Bacterial Evolutionary Trees Evolutionary relationships between organisms are revealed by comparing the sequences of fundamental proteins that are present in all organisms. A bacterial evolutionary tree derived from comparison of the sequences of the protein GroEL (a chaperone involved in assisted protein folding) is shown in Fig. 3-35. In such trees, external nodes mark the locations of extant organisms. Internal nodes mark the locations of their last common ancestors. The lengths of lines represent the level of sequence divergence between organisms. Note that comparisons of protein sequence are more reliable than comparisons of DNA sequences for tree construction, since proteins contain 20 amino acids and DNA contains only 4 bases.
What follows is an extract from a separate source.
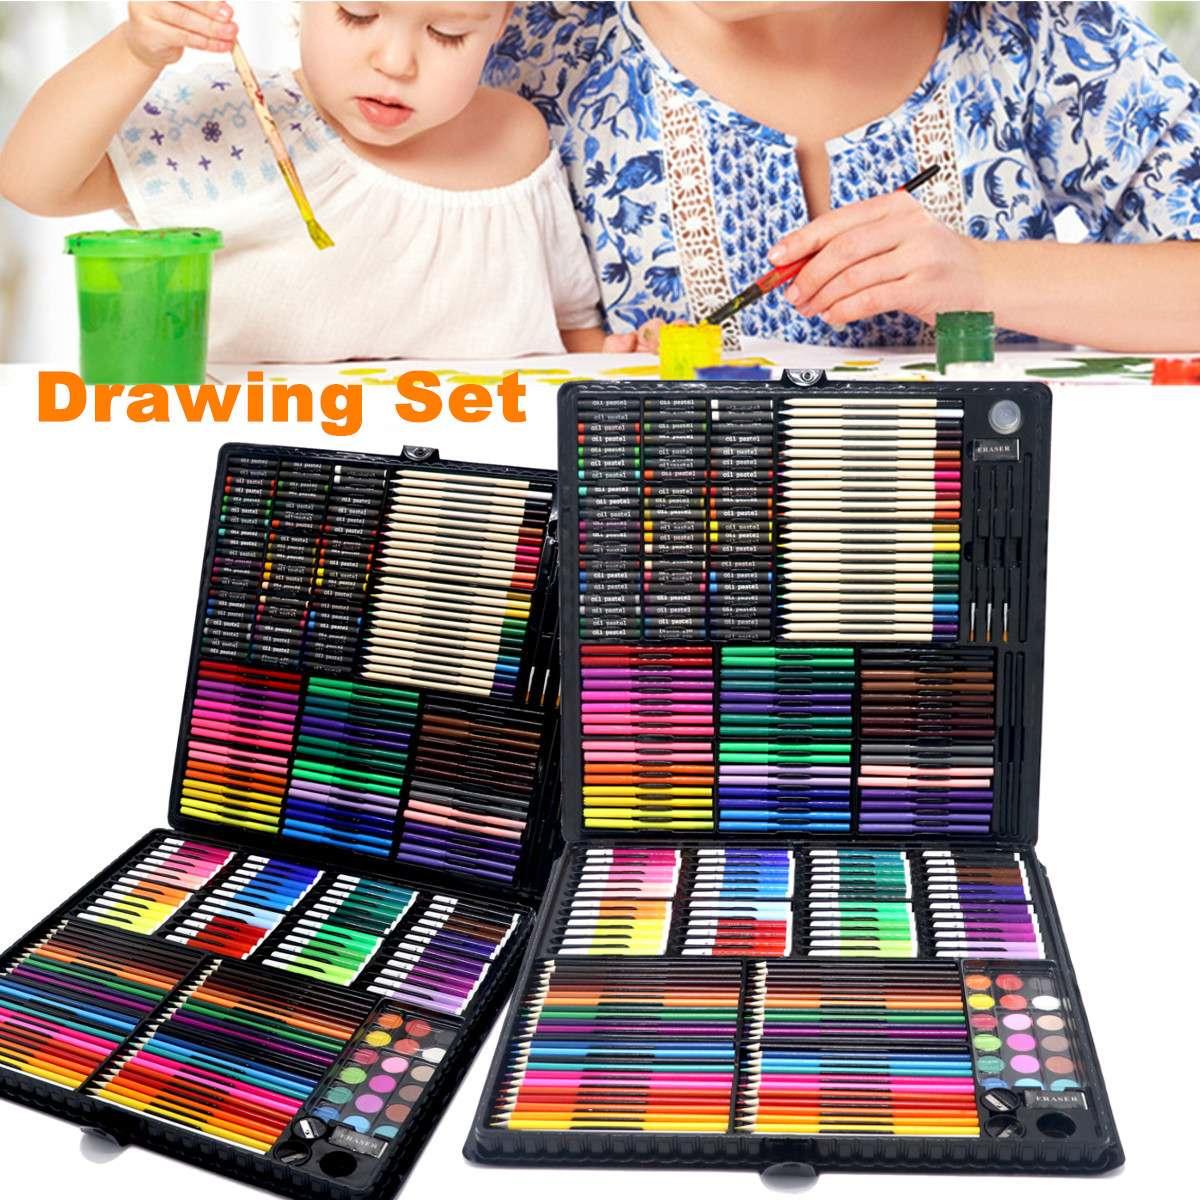 258 pièces professionnel peinture dessin stylo Art ensemble esquisse couleur crayon Pastel gomme peinture boîte cadeau d'anniversaire - 2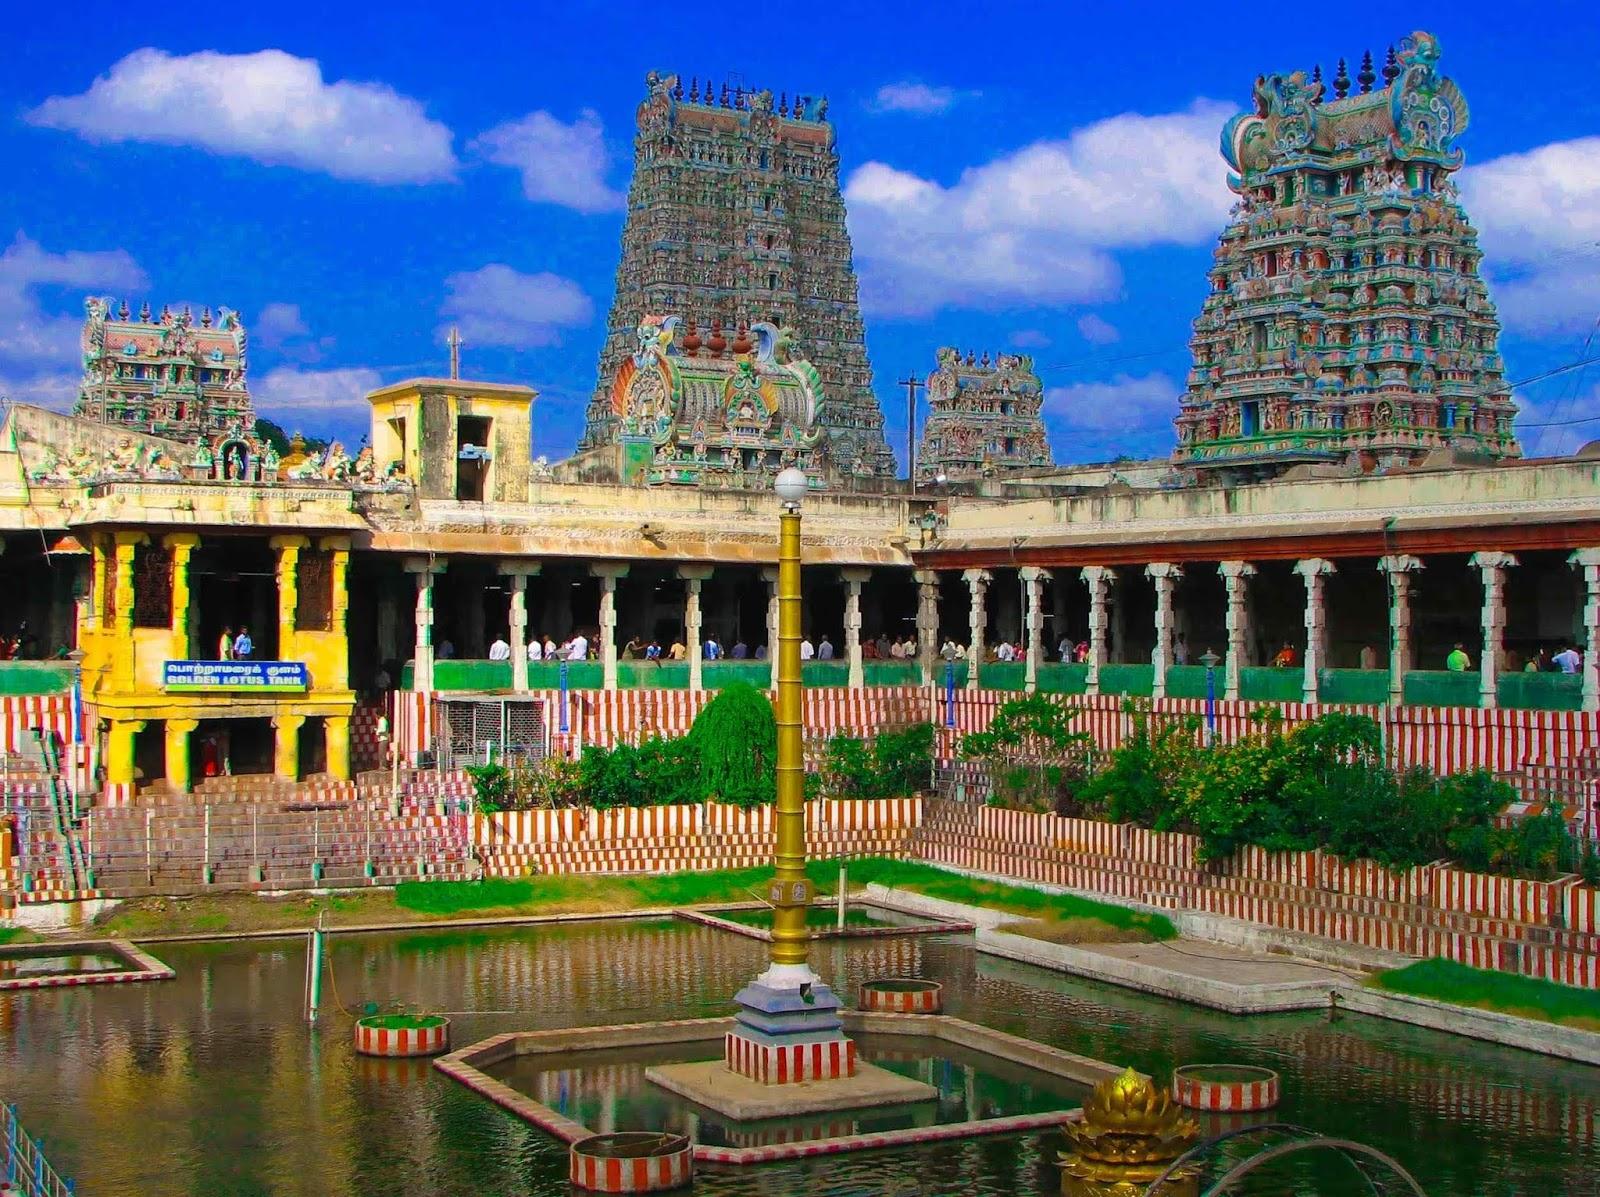 మధుర మీనాక్షి అమ్మన్ ఆలయం తమిళనాడు పూర్తి వివరాలు Madura Meenakshi Amman Temple Tamil Nadu Full Details

Consensus Tree of Life Sequence comparisons of numerous shared proteins and analysis of additional genomic features has been performed to construct the mostly likely general tree of life (Fig. 3-36). Such analysis (and earlier rRNA sequencing by Carl Woese) reveal that all life forms on Earth can be divided into three domains--Bacteria, Archaea, and Eukaryotes. The evolutionary distances of each kingdom to the last universal common ancestor (LUCA) are given by the lengths of the lines in the tree.